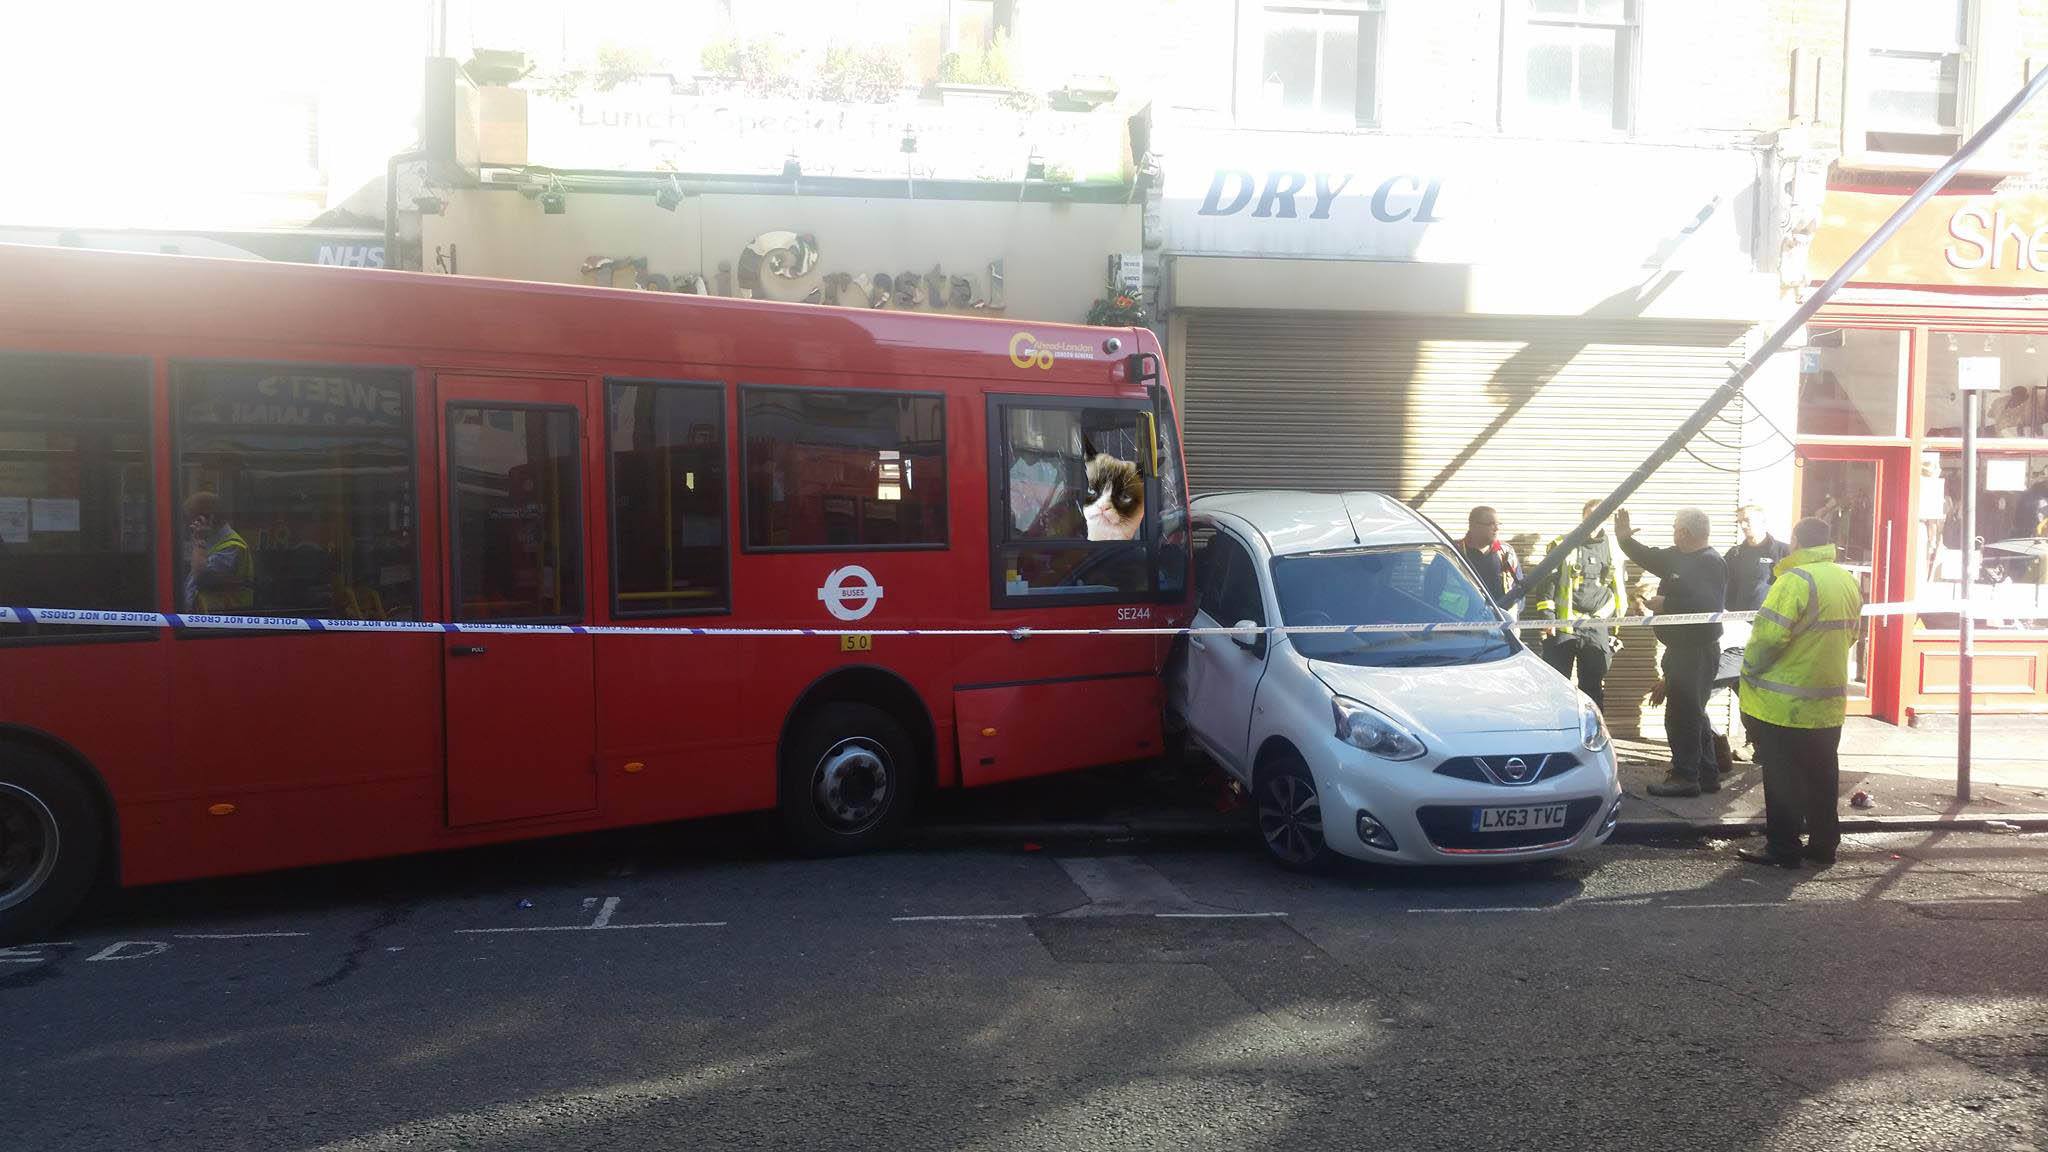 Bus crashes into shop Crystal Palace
* * *
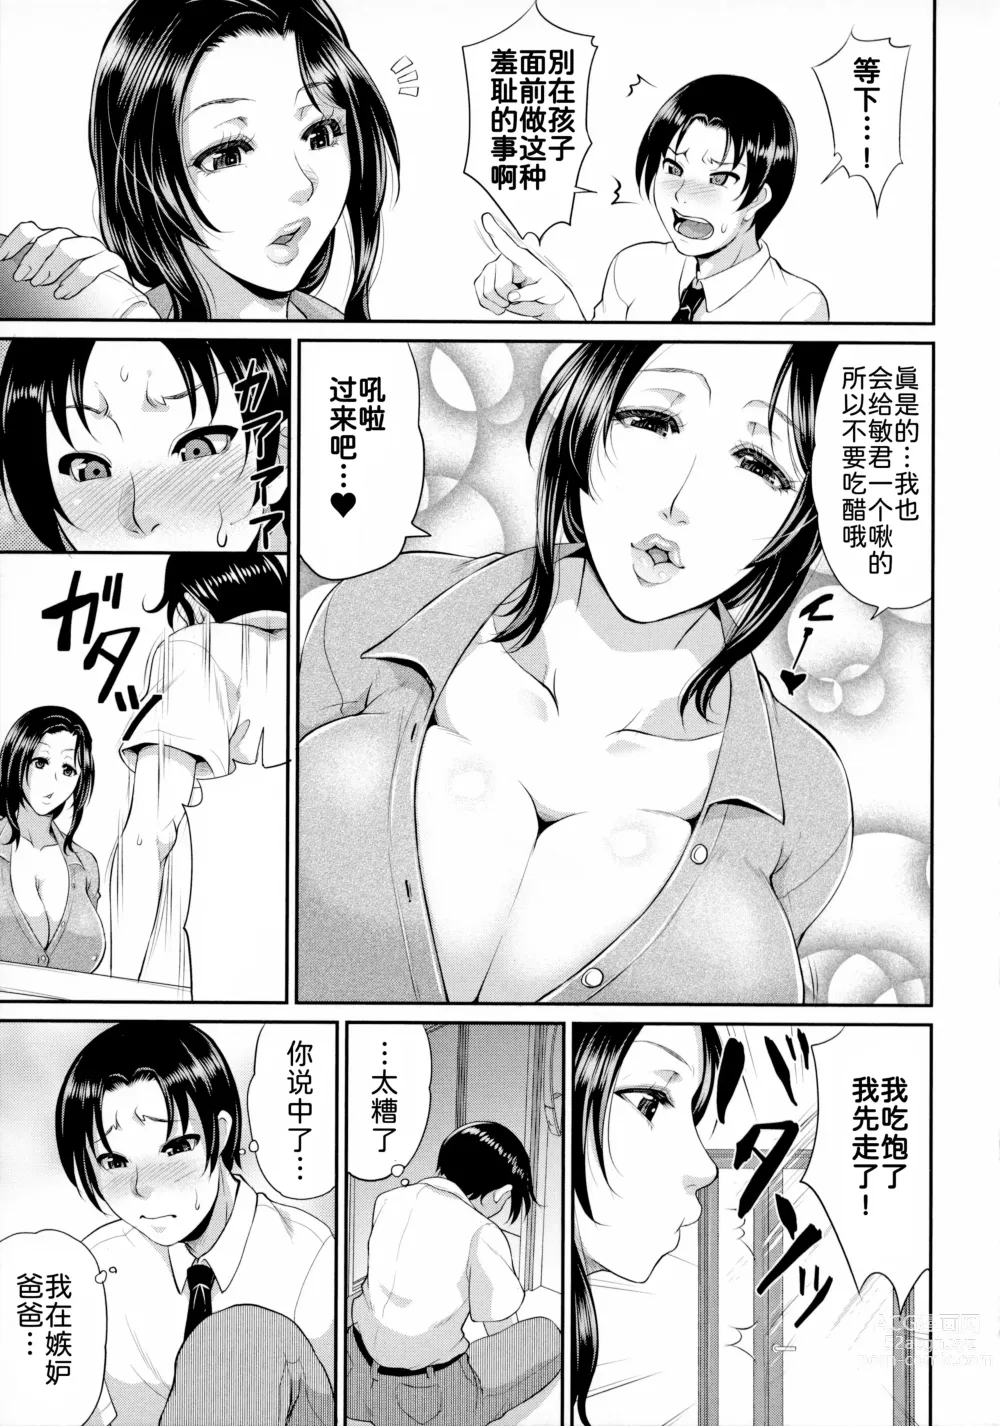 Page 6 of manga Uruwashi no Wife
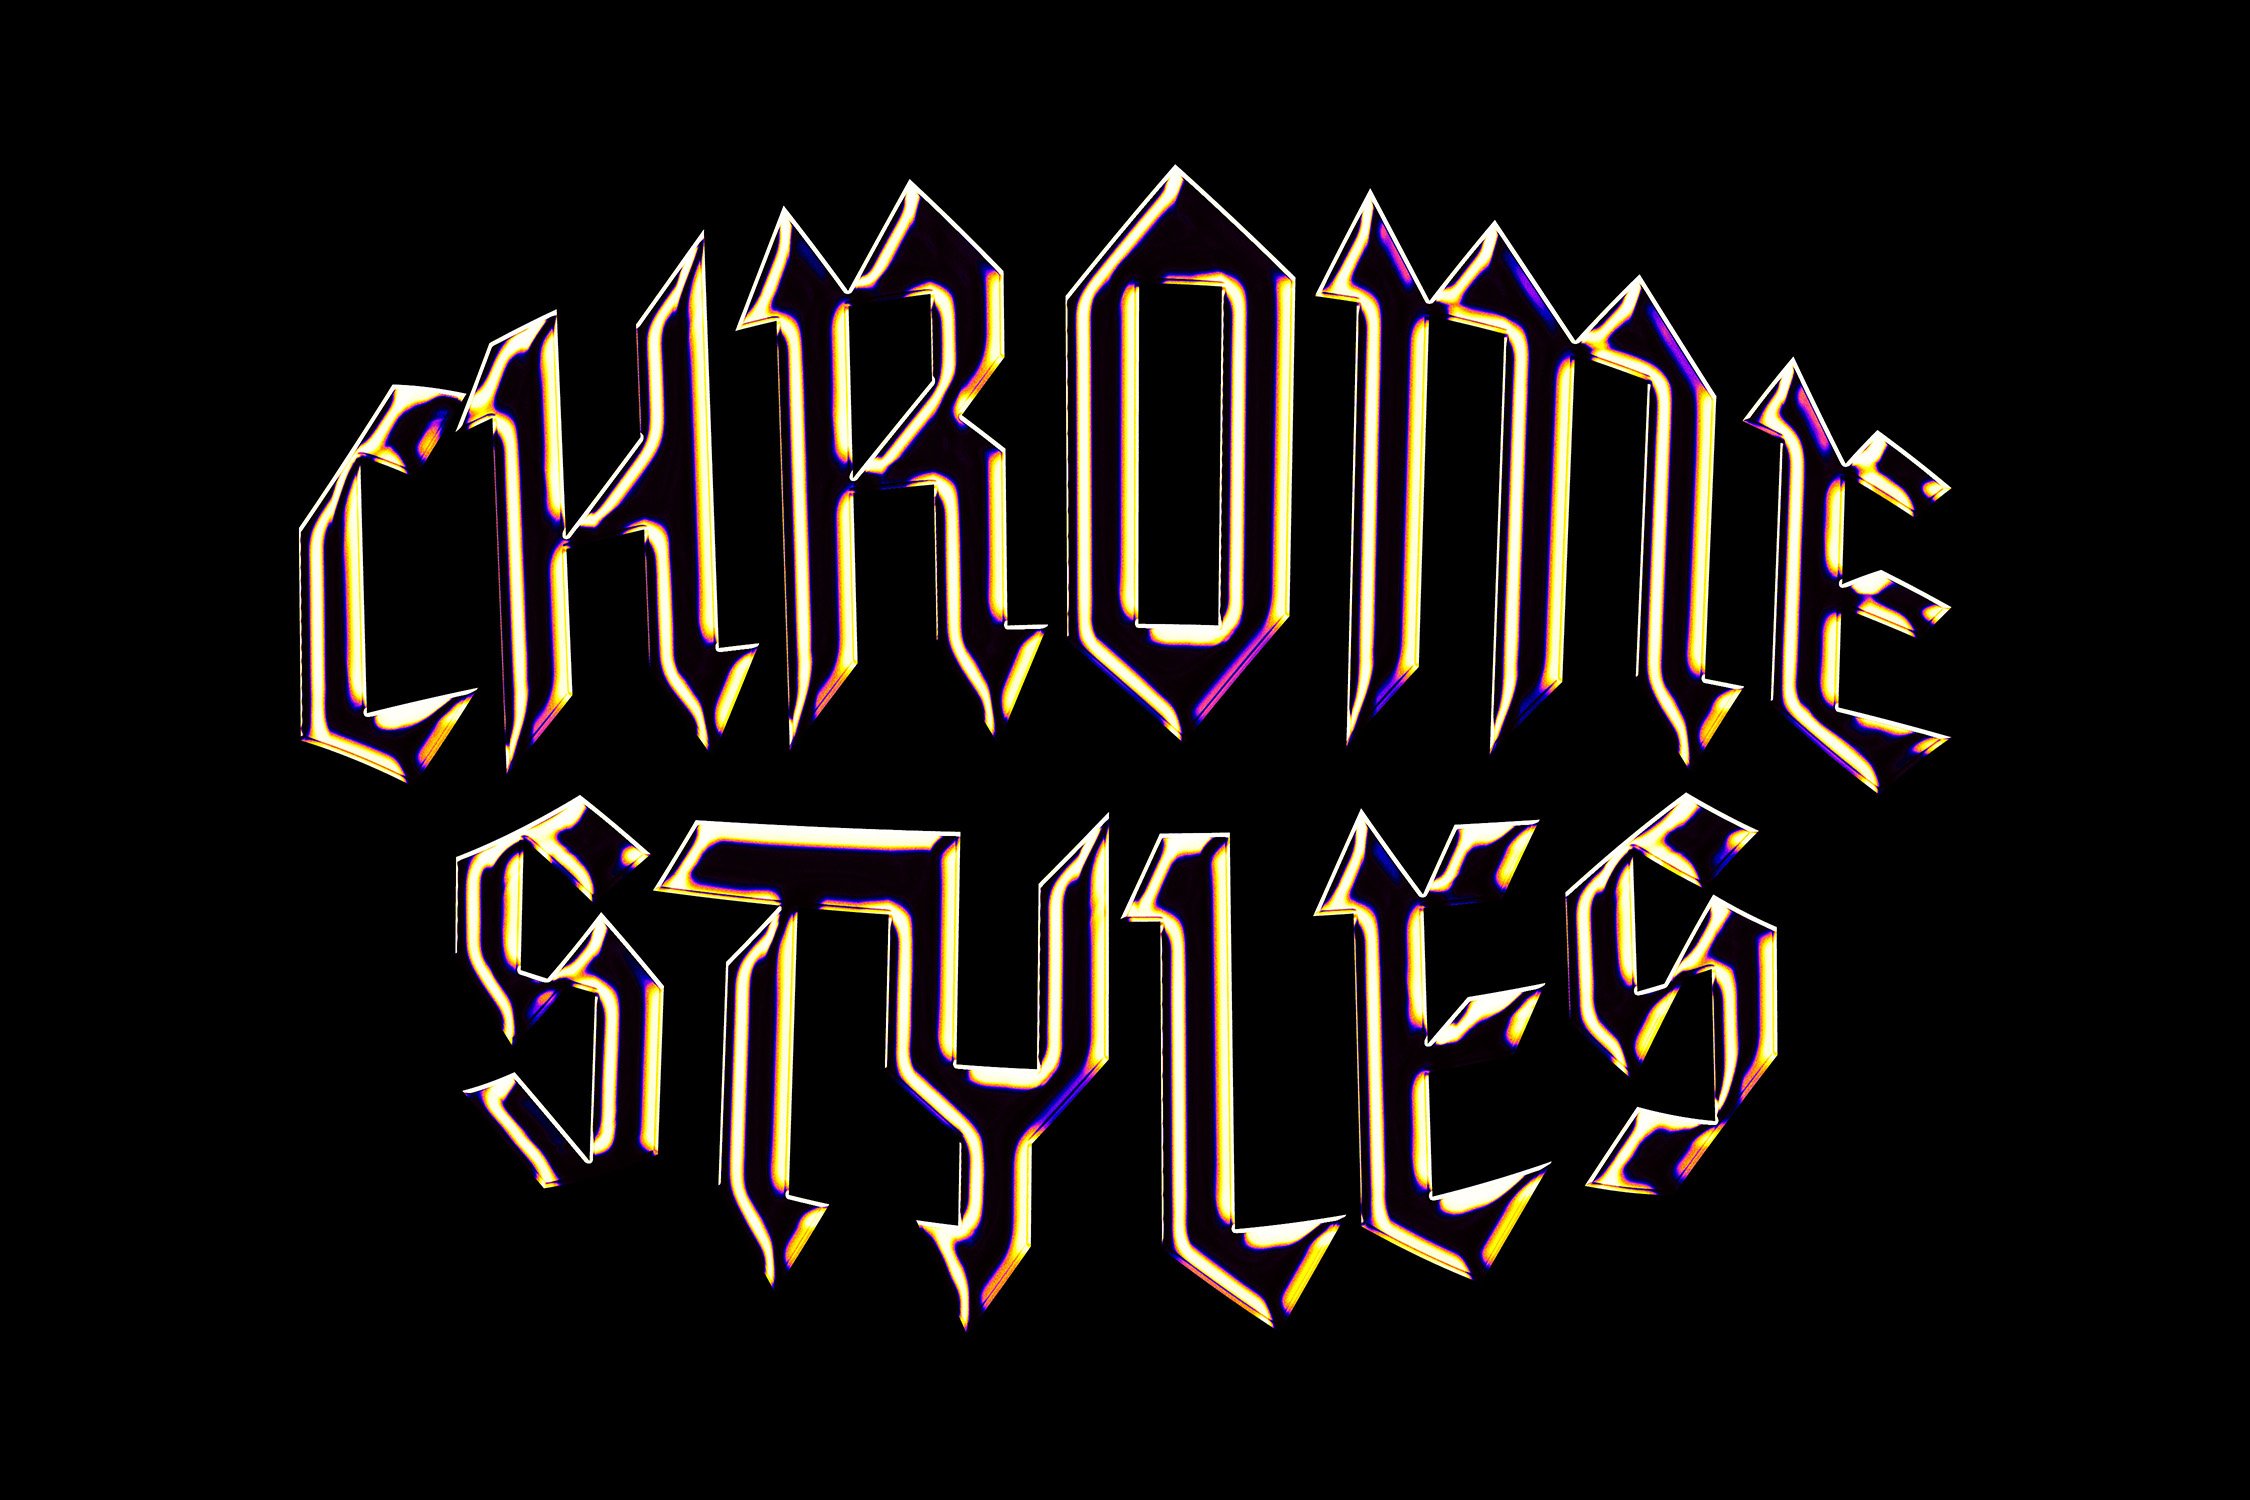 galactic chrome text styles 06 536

** WORK INSTRUCTIONS **
Would you copy the lines above exactly, starting with the one that has "Page 6 of manga Uruwashi no Wife" and ending with the one that has "galactic chrome text styles 06 536", both included, without the pictures?

** RESPONSE AREA **
 Page 6 of manga Uruwashi no Wife
 galactic chrome text styles 06 536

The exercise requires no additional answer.